Packaging products
Packaging products are generally subject to GST when they are purchased. You can claim a GST credit for any GST included in the price of packaging for your business.
When packaging is supplied with or around food and it is 'normal and necessary' for the sale of the food, the GST treatment of the packaging is usually the same as the GST treatment of the food (that is, the packaging around GST-free food is also GST-free).
Example: Packaging
Richard is a breakfast cereal manufacturer. He buys 50,000 cardboard boxes from a paper manufacturer for $22,000, including $2,000 GST. The sale is subject to GST as the boxes do not contain any food. Packaging is not 'packaging for food' until it contains, and is sold with, food.
Richard then packs breakfast cereal in the cardboard boxes and sells boxes of breakfast cereal to a retailer for $100,000. The sale of the breakfast cereal is GST-free. The packaging (cardboard box) is also GST-free as it contains the breakfast cereal and is considered normal and necessary packaging for food.
If Richard packs the cereal in re-usable plastic containers, the containers are taxable, as they are not considered normal and necessary packaging for the breakfast cereal.
End of exampleDefinition of normal and necessary packaging
Normal and necessary packaging of GST-free food is GST-free.
Where the purpose of packaging is simply to contain, protect and promote food, it is seen as a 'normal and necessary' part of the supply of the food. For:
- individual items, normal and necessary packaging includes tins, bottles, jars and boxes
- a group of items, normal and necessary packaging includes the carton or box that contains a number of individual items.

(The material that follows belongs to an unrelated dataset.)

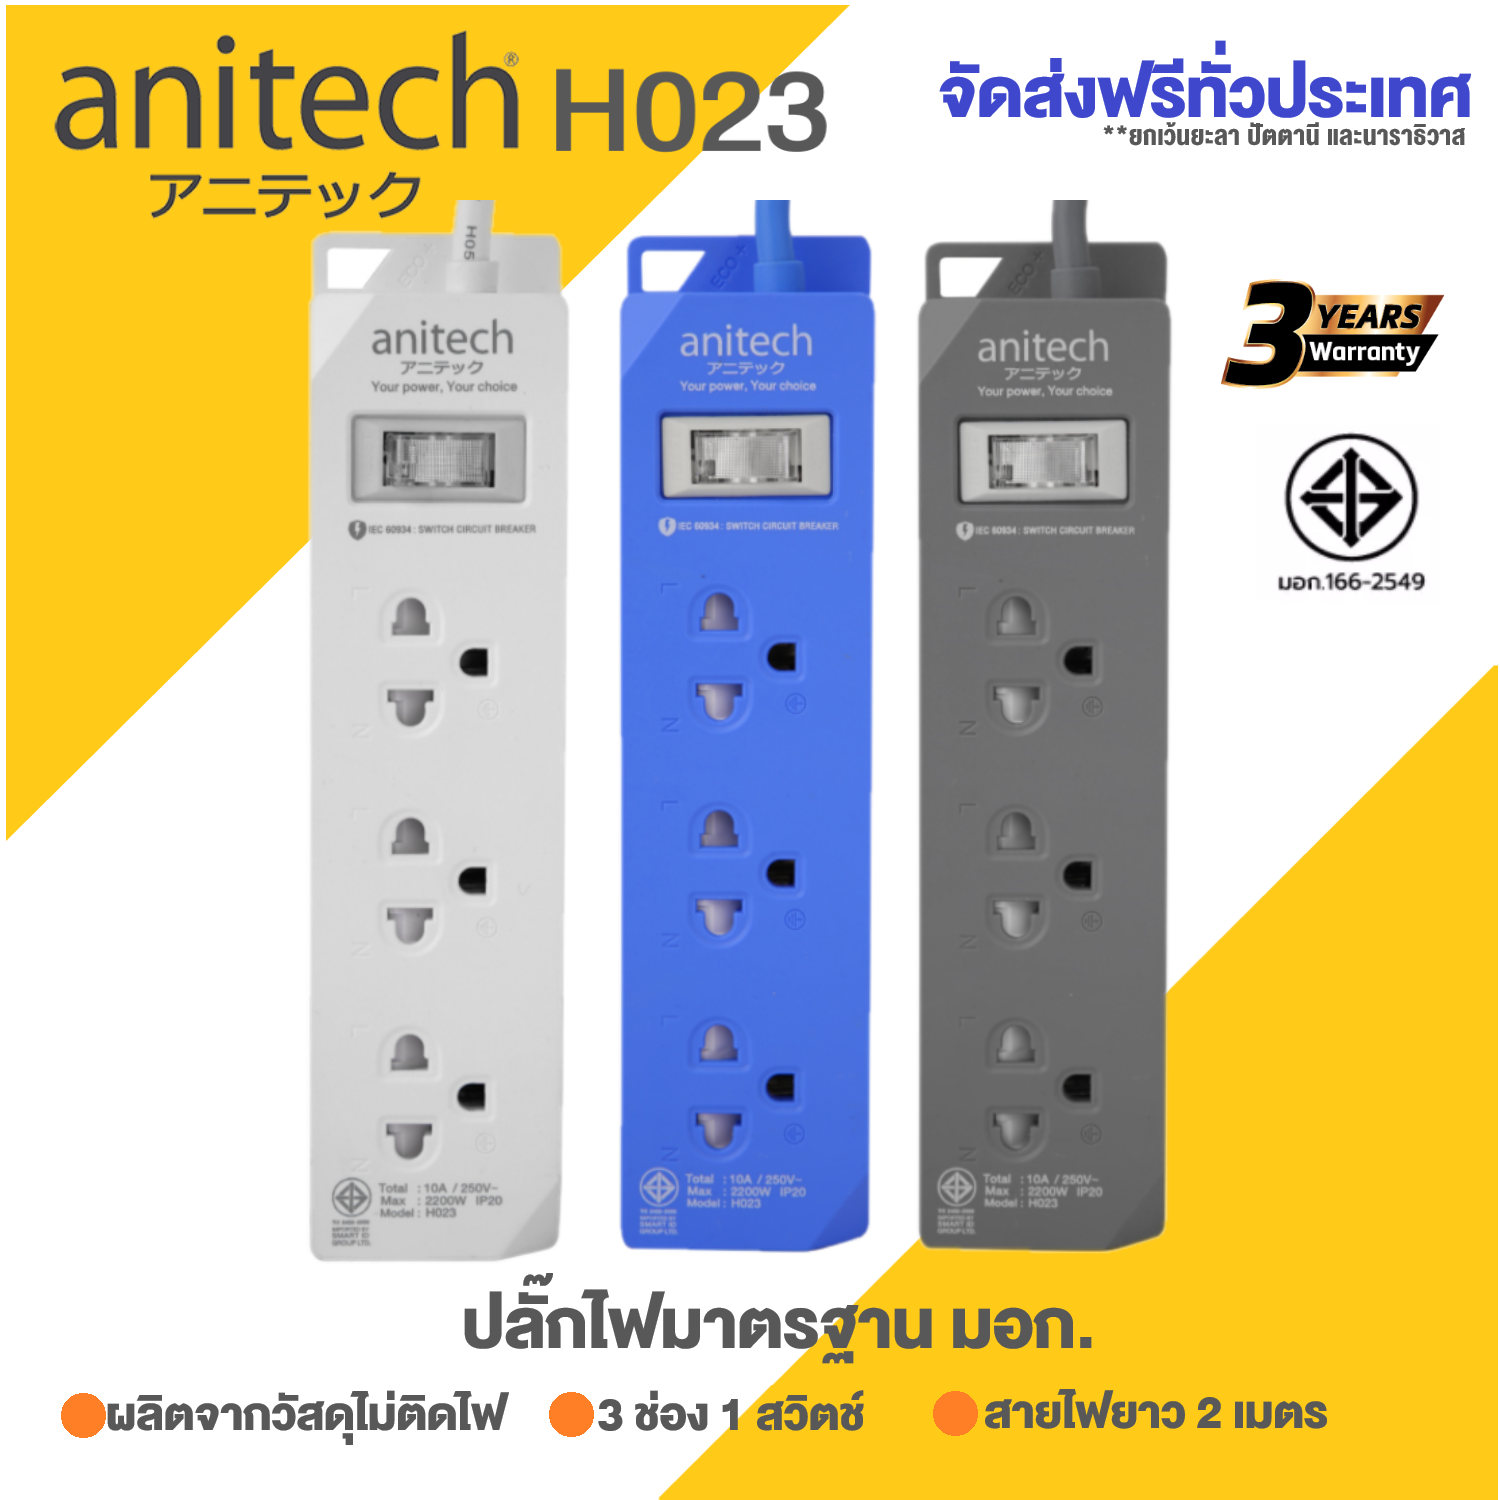 ปลั๊กไฟ Anitech ปลั๊กไฟต่อพ่วง รางปลั๊กไฟ 2 เมตร มาตรฐาน มอก. H023 / H123 3ช่อง 1สวิทช์ H222 2 ช่อง 2 USB ประกัน3ปี วงเงิน1แสน by Montools

Packaging that is not ordinarily considered normal and necessary will be considered to be normal and necessary (and, therefore, GST-free) when it meets all these criteria. It is:
- packaging GST-free food
- not charged at a separate price
- the cost price of the packaging is the lesser of
- $3 excluding GST
- 20% of the wholesale value of the total sale.
This includes items that would attract GST if sold separately, such as:
- paper and plastic bags you supply free of charge to a customer for groceries
- containers, spoons, straws or similar objects if they
- are provided free to help purchasers prepare or consume the food
- have no lasting value (for example, they are disposable).
Packaging that is more than what is considered normal and necessary for the sale of the food is taxable. For example, if you supply breakfast cereal in a re-usable plastic container, the container is taxable. The sale would be:
- partly taxable (container)
- partly GST-free (cereal).
Special promotional food packaging (for example, a rack for spices) is not normal and necessary. Promotional items that accompany food and packaging are also not normal and necessary (for example, drink containers and recipe books of lasting value). You must separately work out the tax on:
- promotional items accompanying the food
- packaging and items that are usually supplied separately.